Why it's rarely wise to split the difference. Often, an inexperienced negotiator will quickly agree to the other party's offer to split the difference or settle a claim for 50¢ on the dollar. It's rarely wise to do this. After all, by proposing to split the difference, your opponent has all but conceded he or she will pay that amount. Better to counter by reducing your first offer by a smaller amount and leave the next move up to your opponent.
- Estimate how much money a compromise settlement is worth to you, given the fact that a settlement eliminates the time and aggravation of going to court. I do this by putting a dollar value on my time and then multiplying by the number of hours I estimate a court fight will take. Also, based on the facts of your case, take into consideration the chances that you might lose or get less than you ask for. In a study of 996 small claims cases that actually went to trial, only 32% resulted in the plaintiff receiving 100% of the amount claimed; 22% resulted in the plaintiff getting between 50% and 100% of the amount claimed; 20% resulted in the plaintiff getting less than half; and in 26% of the cases, the plaintiff got nothing at all. (See Small Claims and Traffic Courts, by John Goerdt (National Center for State Courts).)
EXAMPLE: In a dispute my business had with a phone company, we originally asked for $5,000. The phone company admitted some liability and offered to compromise. After considering the value of the time our compnay would invest bringing the dispute to court, we decided that it would make sense to compromise for $3,500. And although we were sure we had a strong case, we had to admit that there was some possibility the judge would not agree, so we decided to subtract another $500 and accept a settlement for $3,000. Unfortunately, after several conversations and letters, the phone company wouldn't offer a dime more than $2,000. Since this was too low, we decided to go to court. As it happened, the small claims judge awarded us the entire $5,000. But then the phone company appealed and received a new trial. After the case was presented over again, the second judge reduced our final award to $3,500. Considering that it was easier to prepare the case the second time, we still probably came out ahead of the game, as compared to accepting the $2,000. In truth, however, given the time needed to prepare for two court presentations, we probably netted only about $500 more.

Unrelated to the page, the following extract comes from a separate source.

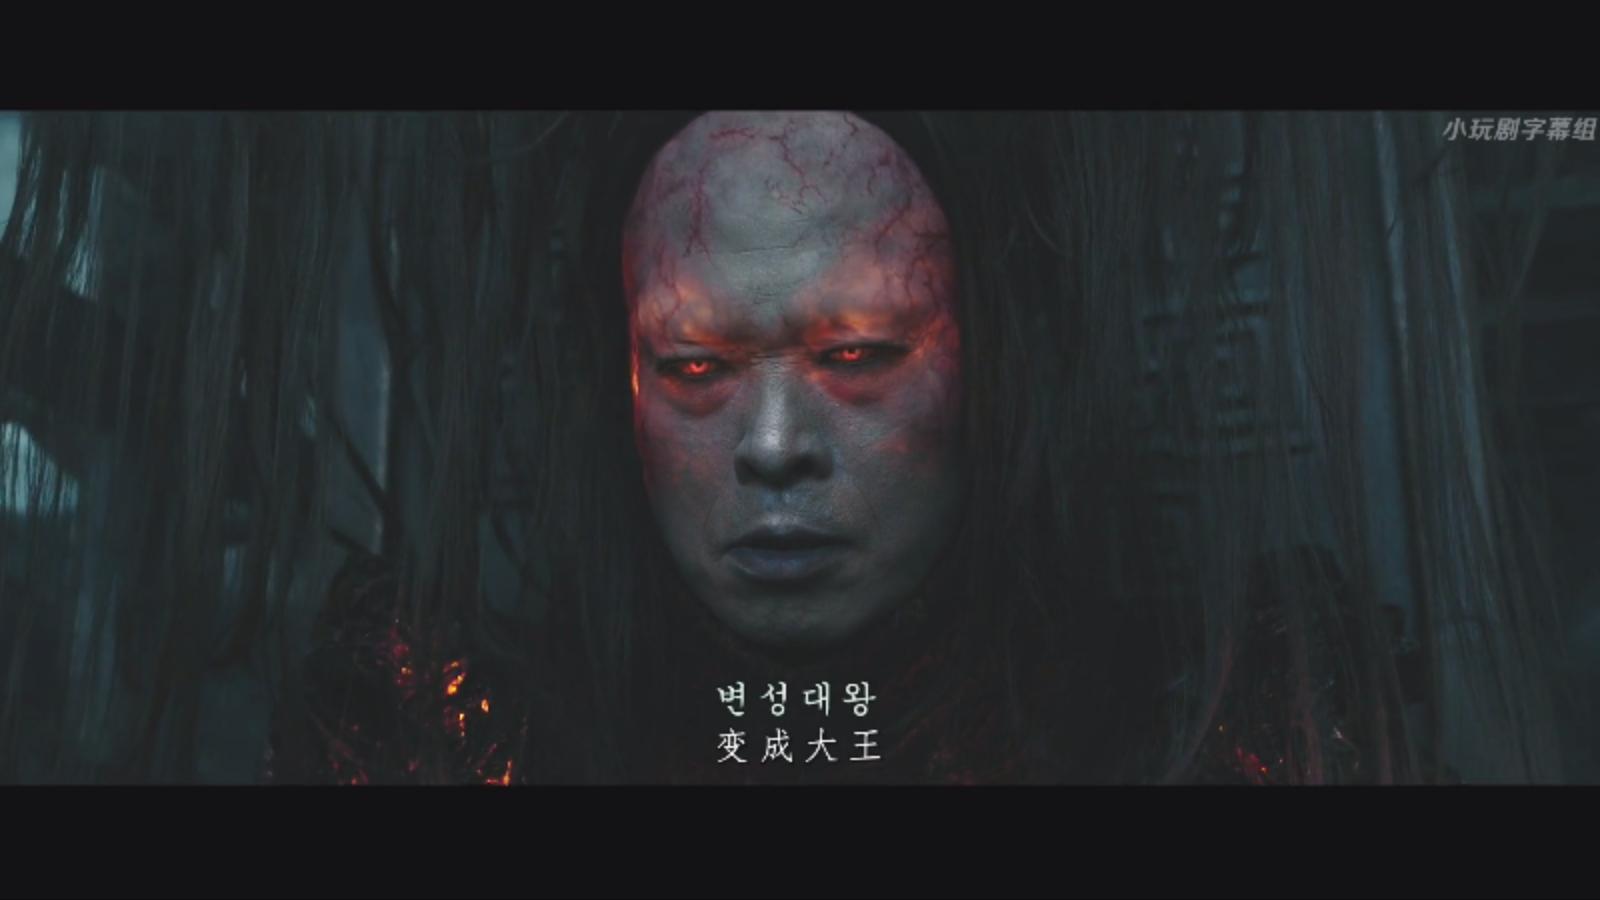 杀人地狱-变成大王.png

If you settle, sign a written agreement, pronto. If you talk things out with your opponent, write down your agreement as soon as possible. Oral settlement agreements, especially between people who have little confidence in one another, are often not worth the breath used to express them. And writing down an agreement gives each party a chance to see whether they really have arrived at a complete understanding. Often one or more details must still be hashed out.
Learn more about negotiating. On several occasions when I have been involved in important negotiations, I've gotten help by rereading Getting to Yes: Negotiating Agreement Without Giving In, by Bruce Patton, Roger Fisher, and William Ury (Penguin). I also like Getting Past No, by William Ury (Bantam). Neighbor Law: Fences, Trees, Boundaries & Noise, by Cora Jordan and Emily Doskow (Nolo), has excellent advice on negotiating neighborhood quarrels.